_Exercise description_.
When you transcribe the data below, reproduce every line exactly and leave each picture out.

_Stored data_.

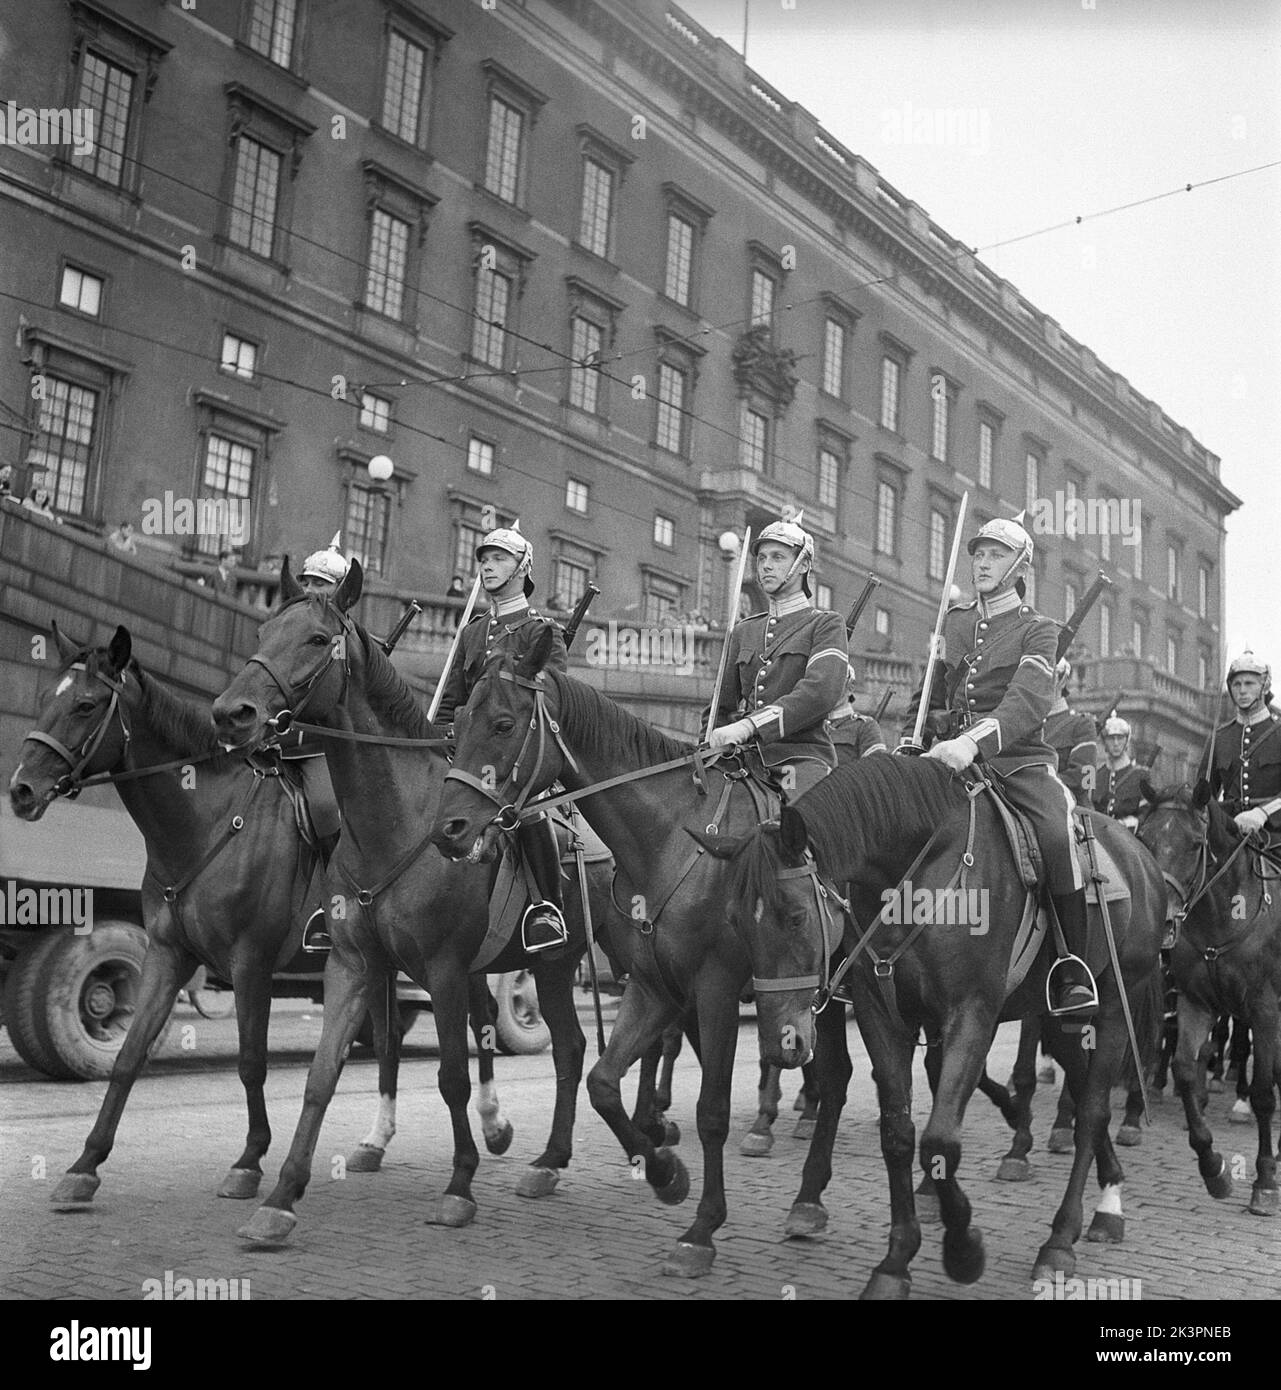 Remplacement des protections dans le 1940s. Les gardes à l'extérieur du château royal de Stockholm pour prendre leur tour pour surveiller le palais. Suède 1947 Kristoffersson réf. AD32-8 Banque D'Images
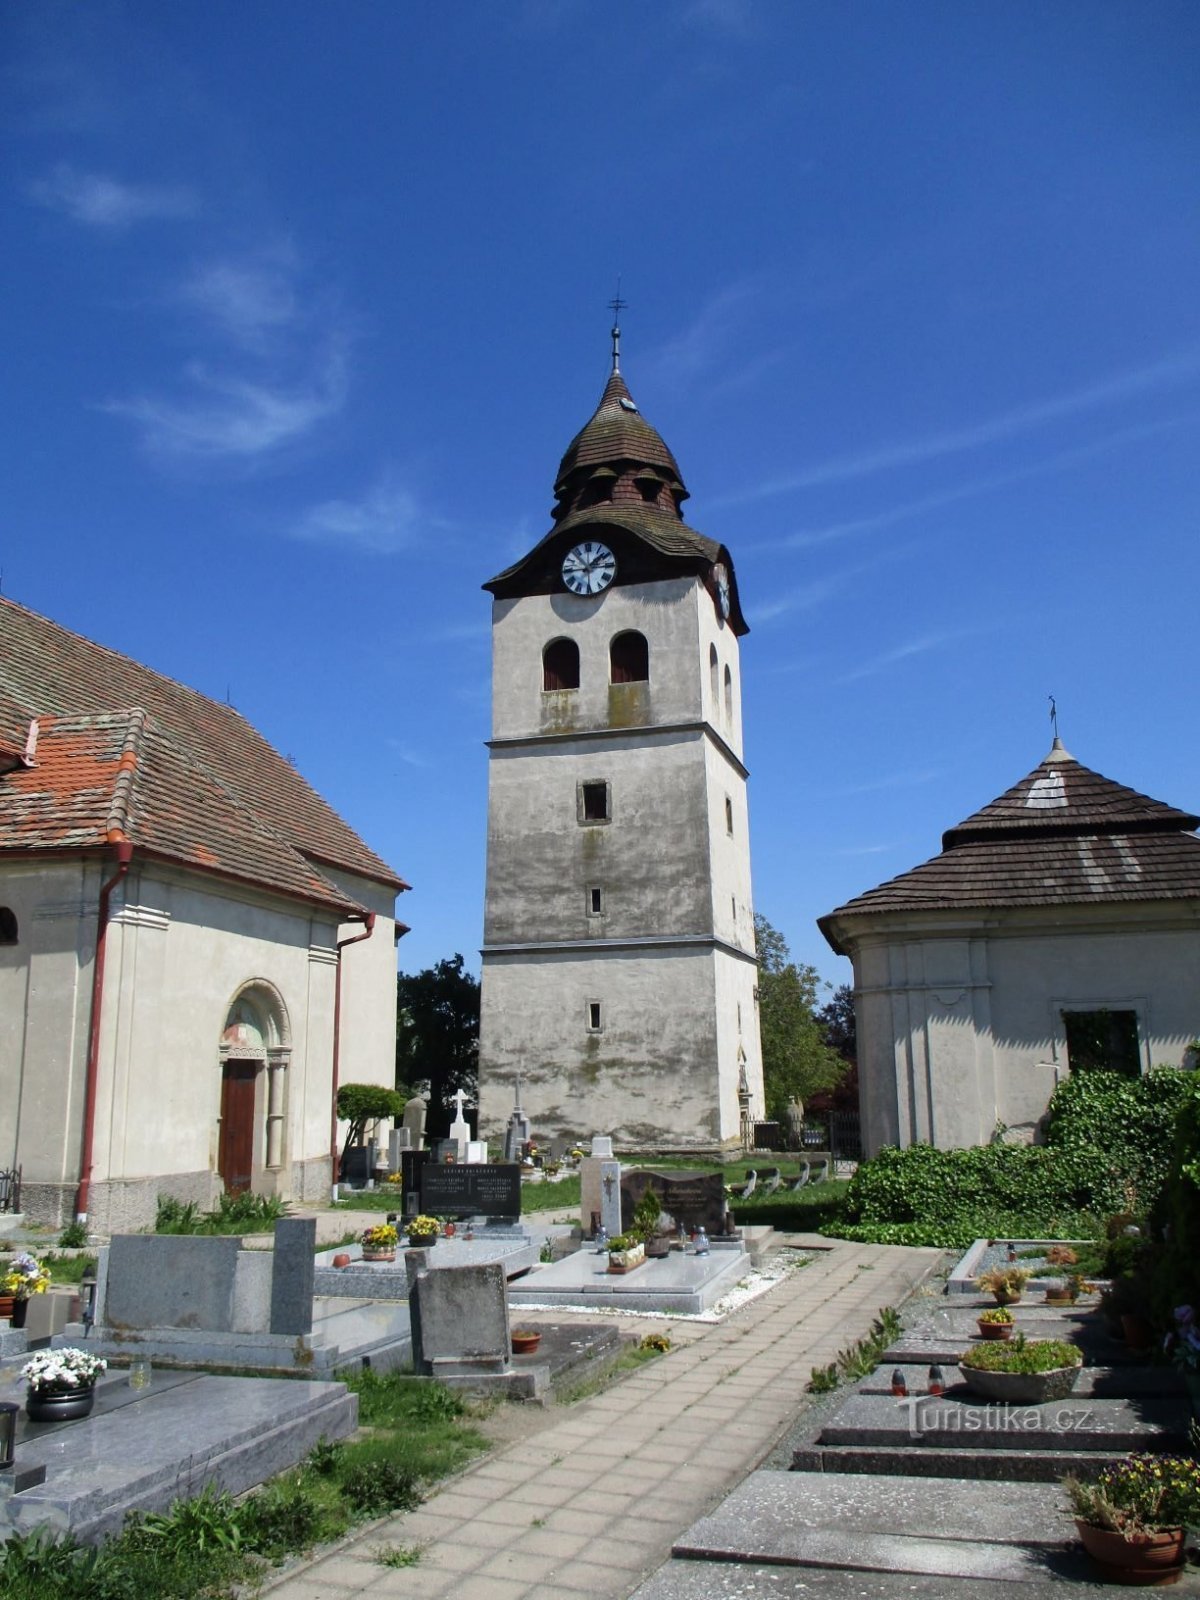 Καμπαναριό στην εκκλησία του Αγ. Nicholas (Bohuslavice nad Metují, 18.5.2020/XNUMX/XNUMX)
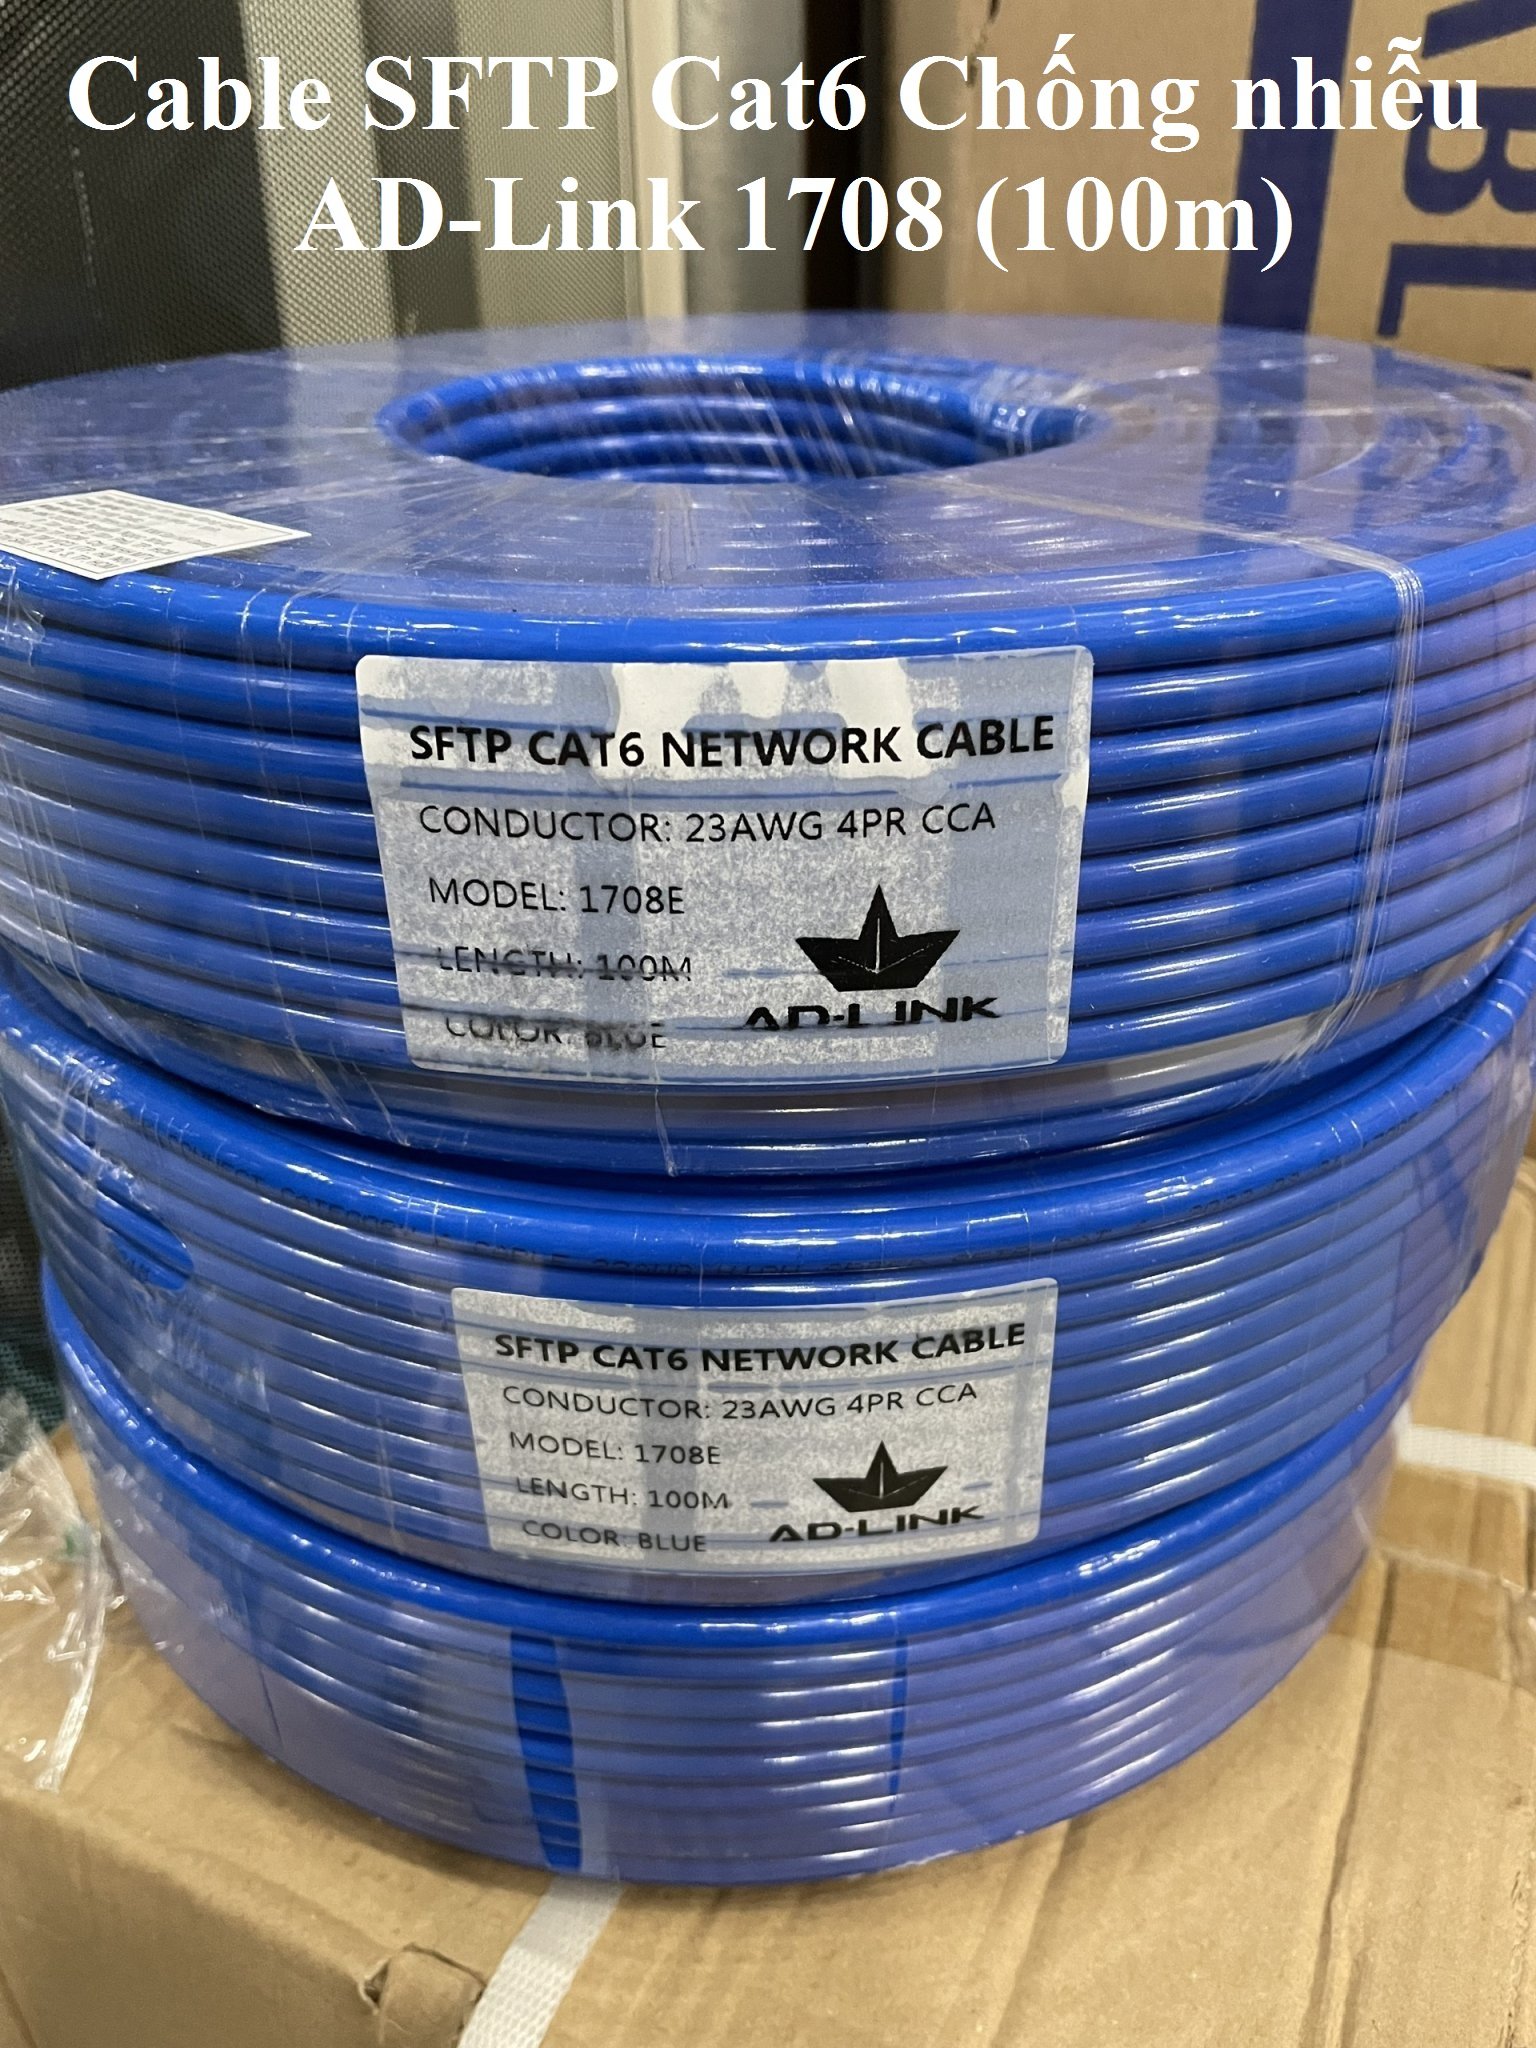 Cáp mạng chống nhiễu Cable STP Cat6 AD-Link 1708 (100m) Xanh  (Chống nhiễu)

_Worked solution_.
 Remplacement des protections dans le 1940s. Les gardes à l'extérieur du château royal de Stockholm pour prendre leur tour pour surveiller le palais. Suède 1947 Kristoffersson réf. AD32-8 Banque D'Images
 Καμπαναριό στην εκκλησία του Αγ. Nicholas (Bohuslavice nad Metují, 18.5.2020/XNUMX/XNUMX)
 Cáp mạng chống nhiễu Cable STP Cat6 AD-Link 1708 (100m) Xanh  (Chống nhiễu)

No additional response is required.